Stammering

  • What is Stammering?

  • Stammering is the disruption of the flow and timing of speech. This can be heard as one or more of the following:

    • repetition of sounds, syllables or words (e.g. “w-w-w-when”)
    • sound prolongation (e.g. wwwwhen)
    • blocking on sounds - silent or audible (e.g w……hen)

    Stammering can be accompanied by secondary behaviours such as facial grimaces, head/body movements, physical tension, avoidance of sounds/words/situations or decreased overall communication.[i]

  • What Causes Stammering?

  • Emotional problems and parenting style do not cause stammering.[ii] It is an involuntary neuromotor disruption in the timing of the typically synchronised and sequential motor movements required for speech. 

    There is not one definite cause of stammering but the research base suggests that there is a strong genetic component in persistent stammerers.  Below are factors that contribute to the emergence of stammer:

  • Physiological:
    Recent evidence highlights the importance of genetics.[iii] Research suggests that 69% of stammerers reported a family history.[iv] There are known structural and functional neurological differences in children who stammer.[v]

     

    Linguistic:
    Children with either delayed or advanced language skills are known to be more vulnerable to stammering[vi] As well as those with mismatches in skills (e.g. a good vocabulary but poorer understanding).

     

    Temperament:
    There is a known link between emotionally reactive and sensitive temperaments in stammerers.[vii]

    Environmental: 
    These do not cause stammer but may exacerbate it in a child whose fluency is vulnerable. Environmental factors include communication partners, pace of life, emotional and/or social pressures.

  • What We Do to Help?

  • Our ultimate goal of therapy for individuals who stammer is to ensure they remain a confident communicator. For those who have already lost confidence we do our upmost best to support them in regaining this at their own pace.   

    We carry out a detailed case history to understand the individual we are working with and their situation as stammering can be a different experience for different people.  We also understand that stammering can vary across an individual’s life in accordance to their awareness and the environment. For example, a school aged child may develop awareness and this may impact on their stammer. Transitions and/or stressful periods such as exam times may also exacerbate stammer.  

    We are skilled with a range of therapeutic interventions to help individuals with stammer. Much of these follow the Social Model which looks at stammering as something that can be managed by education, mindset, environmental measures and acceptance.
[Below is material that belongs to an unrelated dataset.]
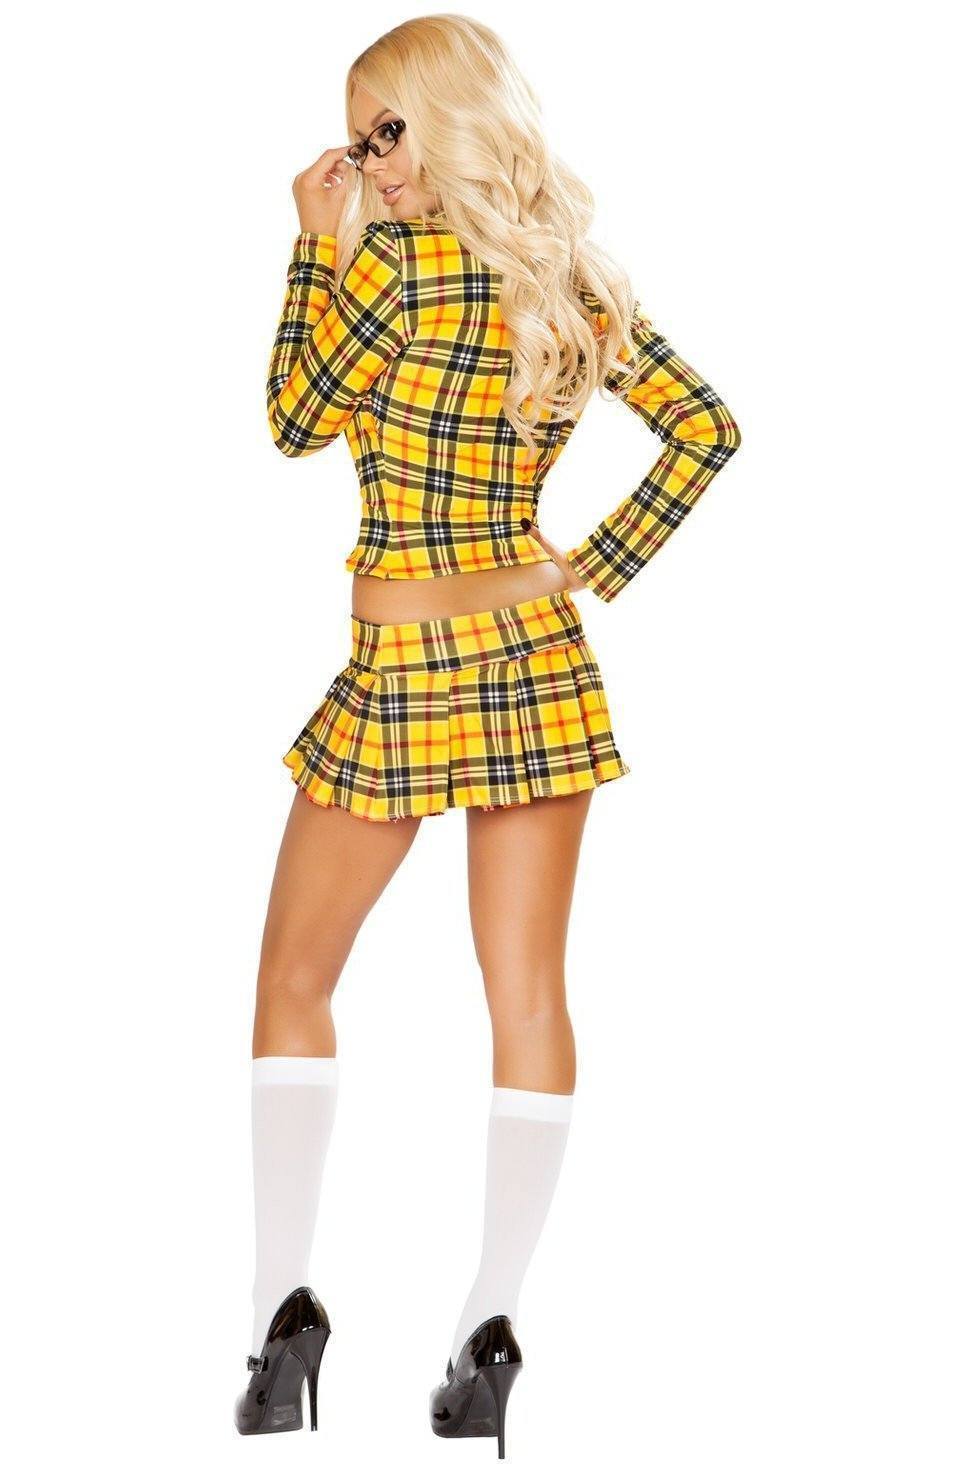 Roma School Girl without a Clue Costume-SEXYSHOES.COM

    We are also familiar with a range of direct techniques. Some individuals may find these useful. However, research suggests that “each technique is one in a myriad of options in a field in which there is no clear best evidence-based way” [viii] There is also no evidence that changing breathing patterns actually helps people who stutter in the long term.[ix] Although some individuals find it useful to use breathing for relaxation prior to a speaking situation that may cause anxiety.

    What Can You Do to Help a Stammerer?

    1. Show them you’re listening – remain attentive
    2. Wait until they have finished
    3. Do not speak for them

    Words of A Stammerer 

    “Occasionally, a stutterer will turn up to therapy in a mindset in which they are not able to engage in therapy around their stutter; the session is not lost. You can still listen to the person in front of you and help them a little on their life journey.”

    Patrick Campbell, Co-Editor, Stammering Pride and Prejudice

     

     

     

  • [i] Coleman, C. (2013).SIGnatures: widening the treatment circle. Involving parents enhances treatment for children who stutter. So why not include the child’s siblings, friends, teachers and other communication partners? The ASHA Leader, 18, 54-56.
    [ii] RCSLT www.rcslt.org
    [iii] Kraft, S.J. & Yairi, E. (2012).Genetic bases of stuttering: the state of the art, 2011. Folia Phoniatrica et Logopaedica, 64, 34-47.
    [iv] Bloodstein, O. & Bernstein Ratner, N. (2008). A handbook on stuttering (6th Ed). Delmar Learning, Clifton Park, NY. Chang, S. E. (2014). Research Updates in Neuroimaging Studies of Children who Stutter. Seminars in Speech and Language, 35(2),67-79.
    [v]Chang, S.O., Garnett, E., Etchell, A. & Chow, H.M. (2018) Functional and Neuroanatomical Bases of Developmental Stuttering: Current Insights. The Neuroscientist. 25(6)566-582
    [vi] Watkins K. E. et al, (2007). Structural and functional abnormalities of the motor system in developmental stuttering. Brain 131(1), 50–59
    [vii] Jones, R.M. et al, (2014). Emotional reactivity and regulation associated with fluent and stuttered utterances of preschool-age children who stutter. Journal of Communication Disorders, 48, 38-51.
    [viii] Baxter, S. et al (2016) Non-pharmacological treatments for stuttering in children and adults: a systematic review and evaluation of clinical effectiveness, and exploration of barriers to successful outcomes. Health Technology Assessment (20.2)
    [ix] Professor J. Scott Yaruss (2021) It’s (almost) NEVER breathing in stuttering therapy.